Hardware and Volume configuration:
A customer has a Netgear NAS/SAN with ten drives. Two of the drives suffered mechanical problems and brought down the system. The customer believed this was a RAID-50 (a RAID0 spanned over RAID5s). Our analysis shows that this was a ZFS storage pool consisting of three RAIDZ1s. Besides the two damaged drives, one of the drives did not contain any relevant data. Below was the status of the ZPool:
Vol1
raidz1-0: DEGRADED
Missing UNAVAIL
9E 88 69 A0 B4 C1 16 EE ACCESSABLE
4A 50 2D 8B 61 BD B7 96 ACCESSABLE
raidz1-1: NOT RECOVERABLE (insufficient replicas)
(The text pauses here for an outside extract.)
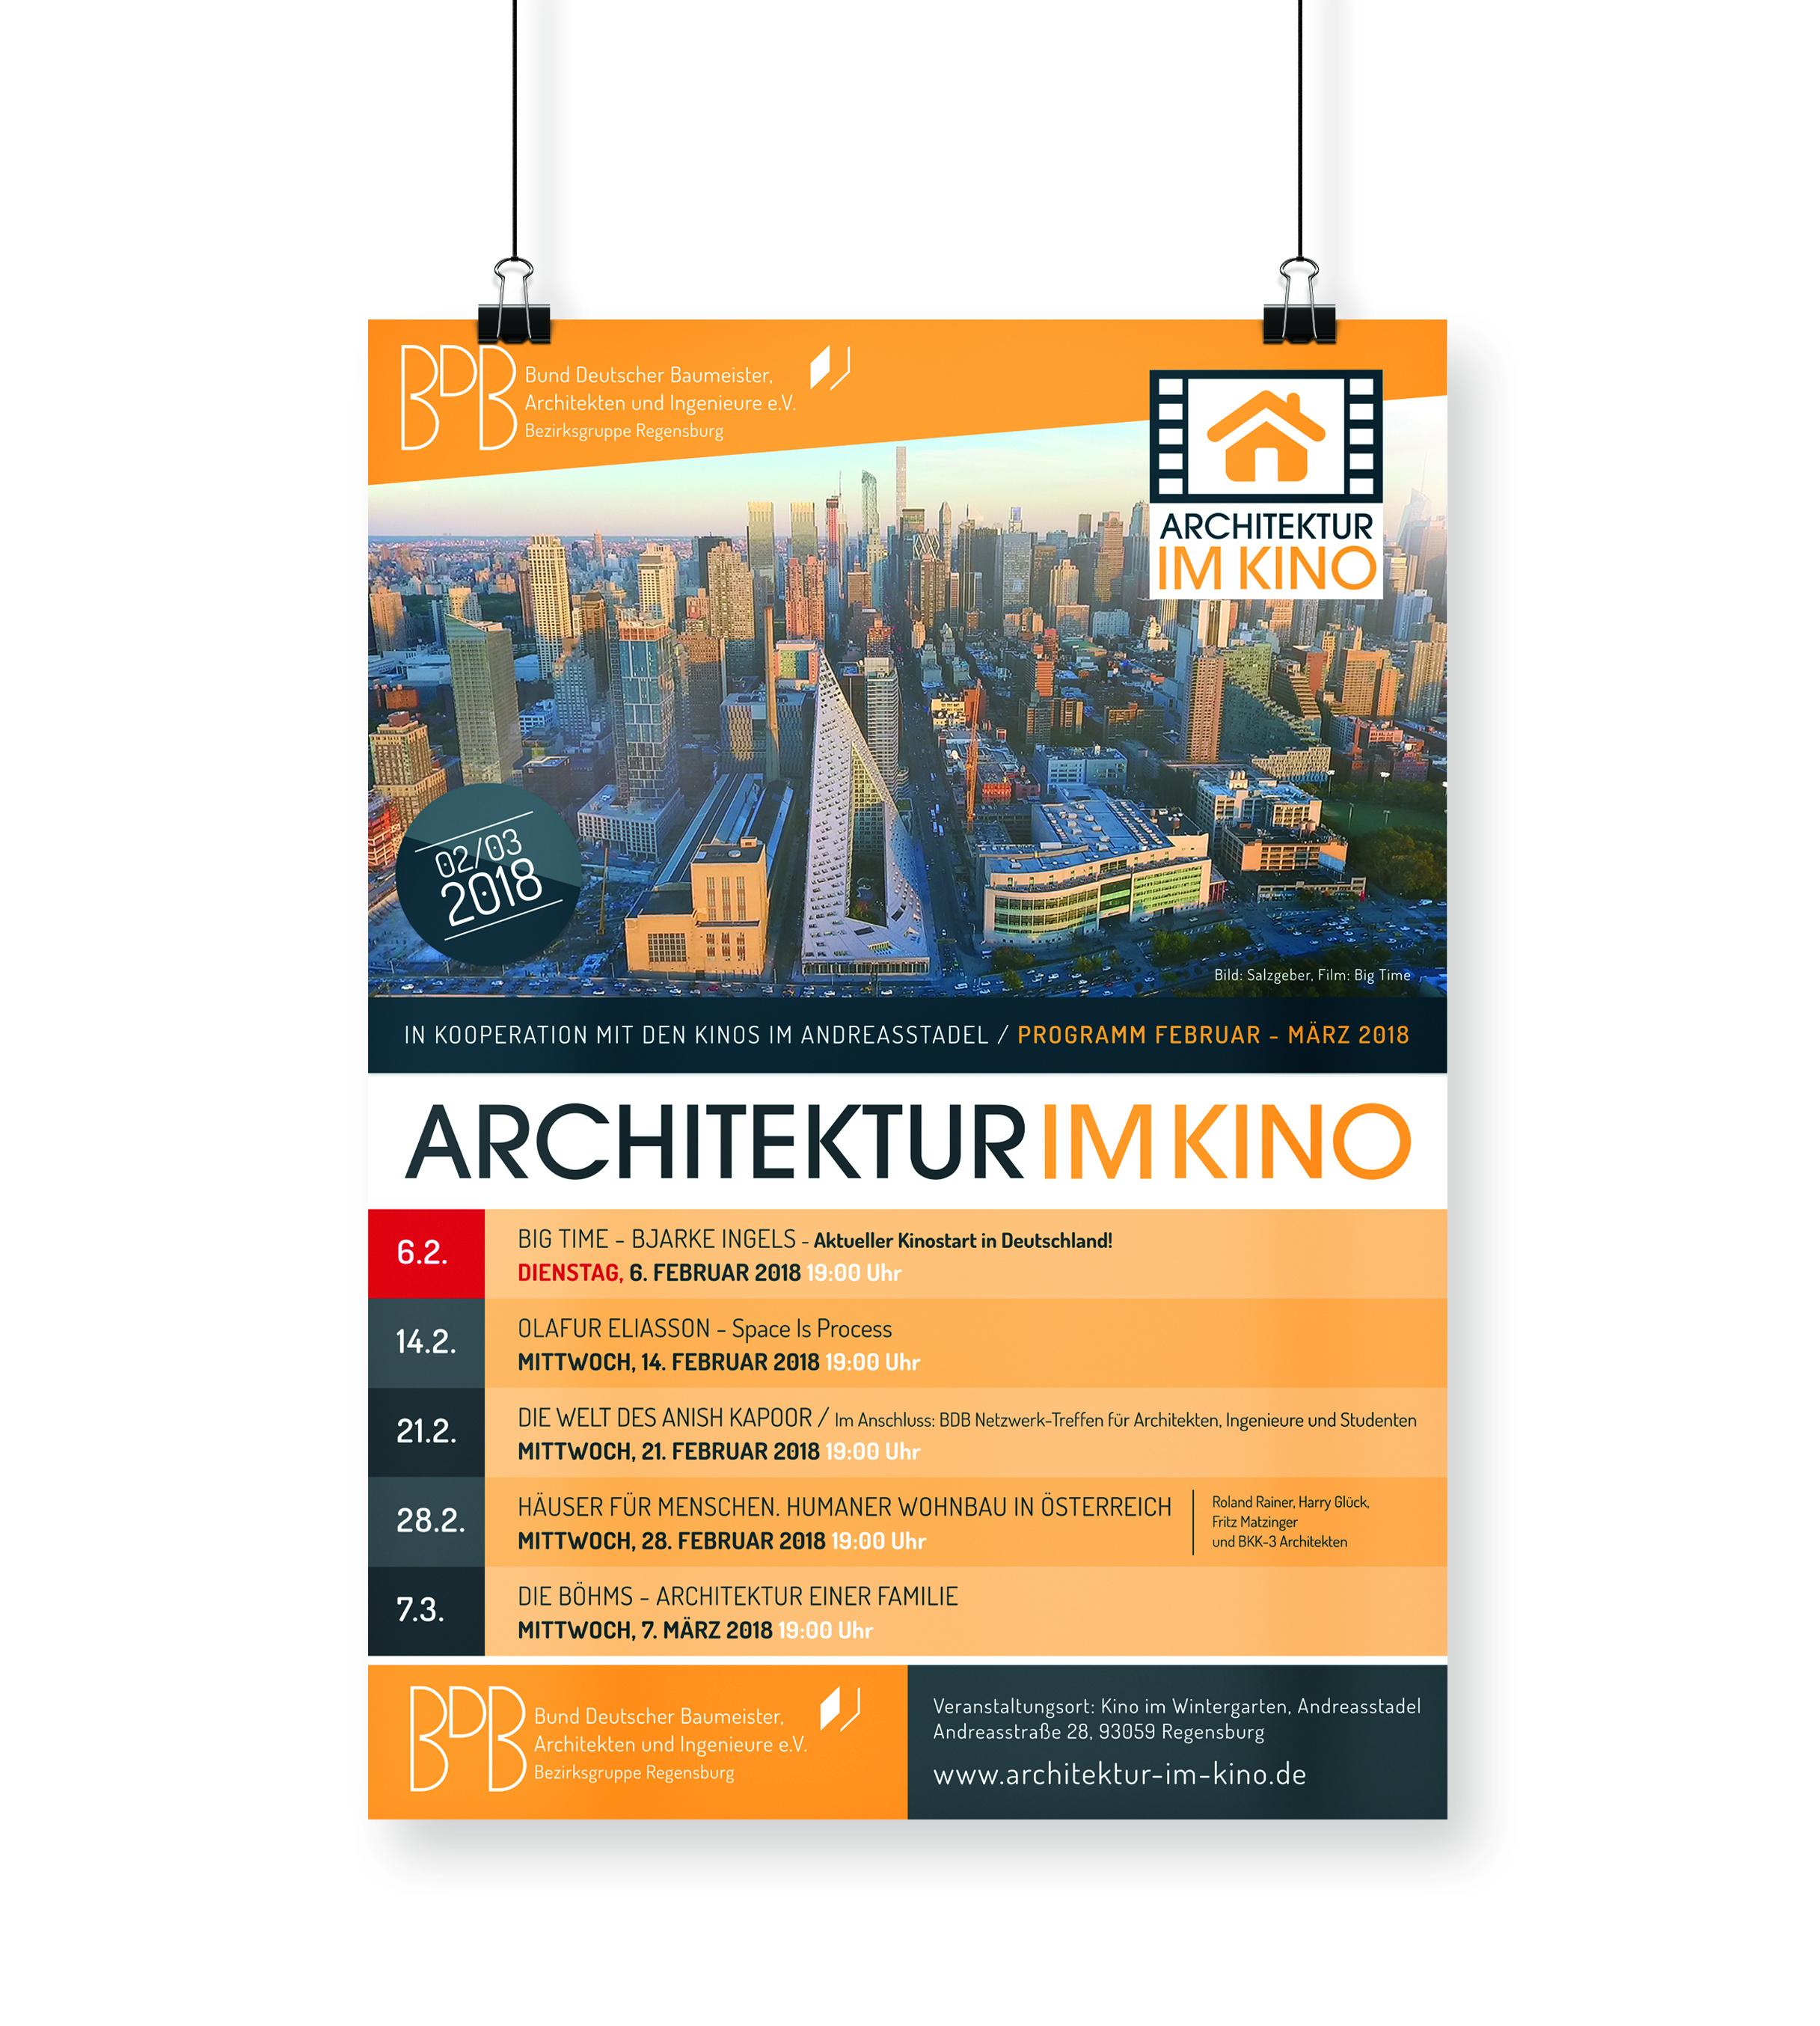 Architketur_im_Kino_Plakat_hell
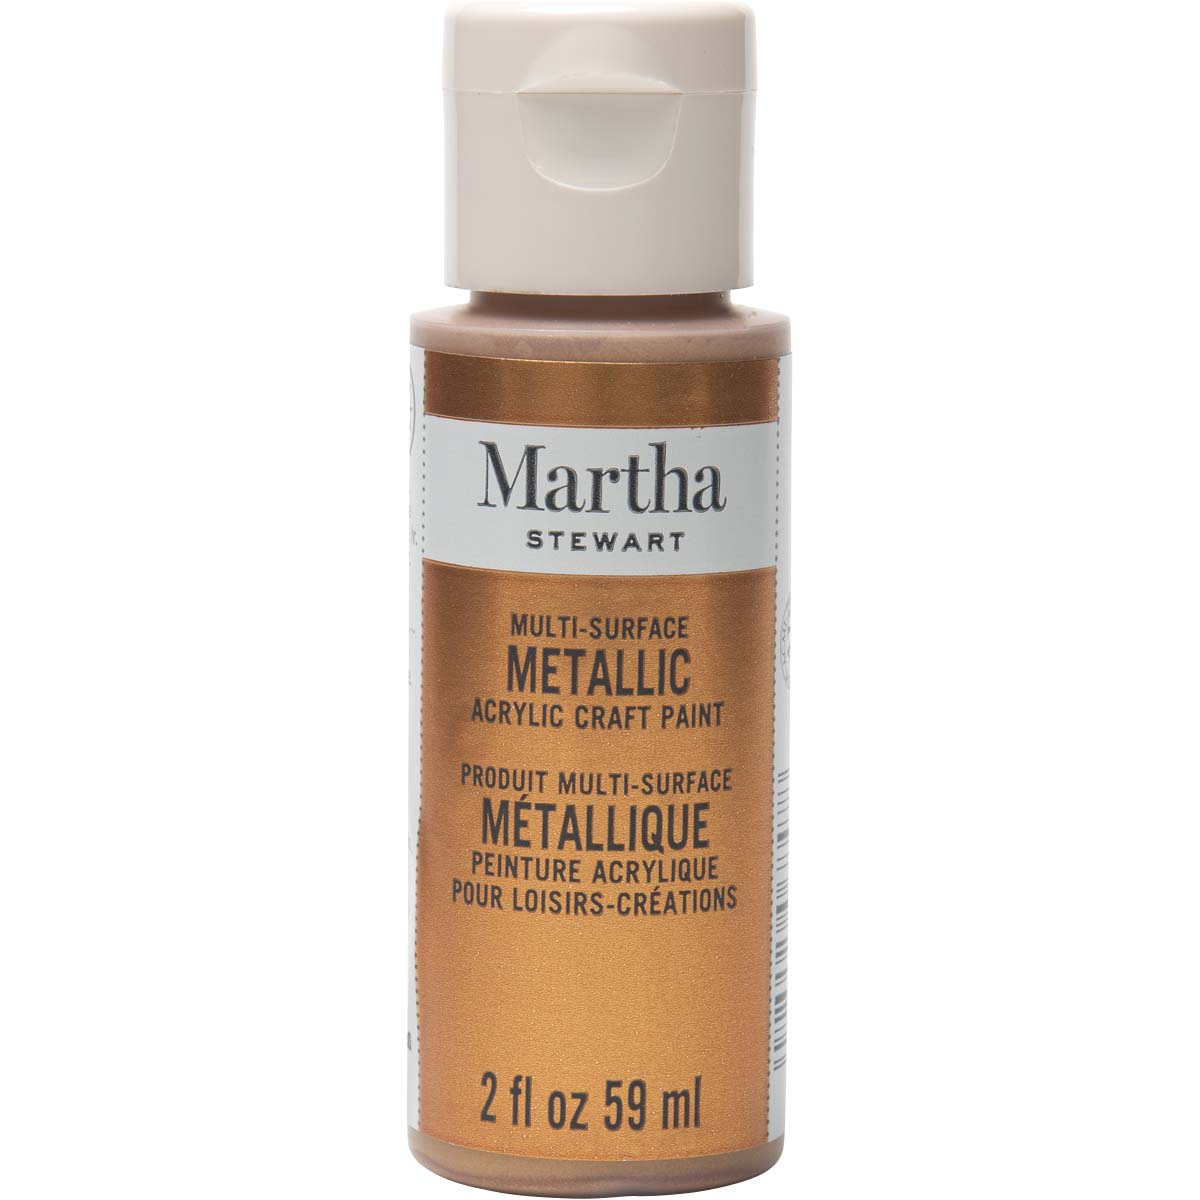 Martha Stewart® 2oz Multi-Surface Metallic Acrylic Craft Paint - Copper

56 6F 3F 0D 7B FE 6D D2 ACCESSABLE
Missing UNAVAIL
Missing UNAVAIL
raidz1-2: GOOD
5F 14 EC A8 77 86 36 9B ACCESSABLE
C1 D4 89 81 DC E9 F9 14 ACCESSABLE
7C F6 4E 99 D7 2D 86 24 ACCESSABLE
57 0C 7C CA 4D 29 74 B8 ACCESSABLE
The Zpool provided storage for a number of virtual volumes (VHDX) that held the customer's Microsoft Exchange databases, and backups of users' emails and other documents.
Problem:
Since one of the vdevs (raidz1-1 in the list above) was missing, around 30% of the storage space was no longer accessible. It's almost certain that large files such as databases would have gaps in the data stream. At best, this would be a partial recovery.
Solution:
There were a few lucky break that helped us solving this case. Apparently, ZFS prefers to store data on the vdevs with more drives and/or faster drives, and shies away from vdevs running in degraded mode. For this ZPool, raidz1-2 was added at a later time. Not only it had more drives but also the drives had larger capacity and faster speed. Furthermore, the other two vdevs had been running in degraded mode for sometimes. As a result, most of recent updates were stored on this last vdev. we could read 100% of metadata with double or triple DVAs and rebuild the complete folder structure. At the file data level, around 40% of older data were missing, but newer data is almost 100% recoverable.
Result:
We were able to recover most of newer backup files and documents. Older files were partially recovered. The Exchange databases were recovered with gaps filled in with zeros. The customer were able to extract useful data from the databases using third party software.
|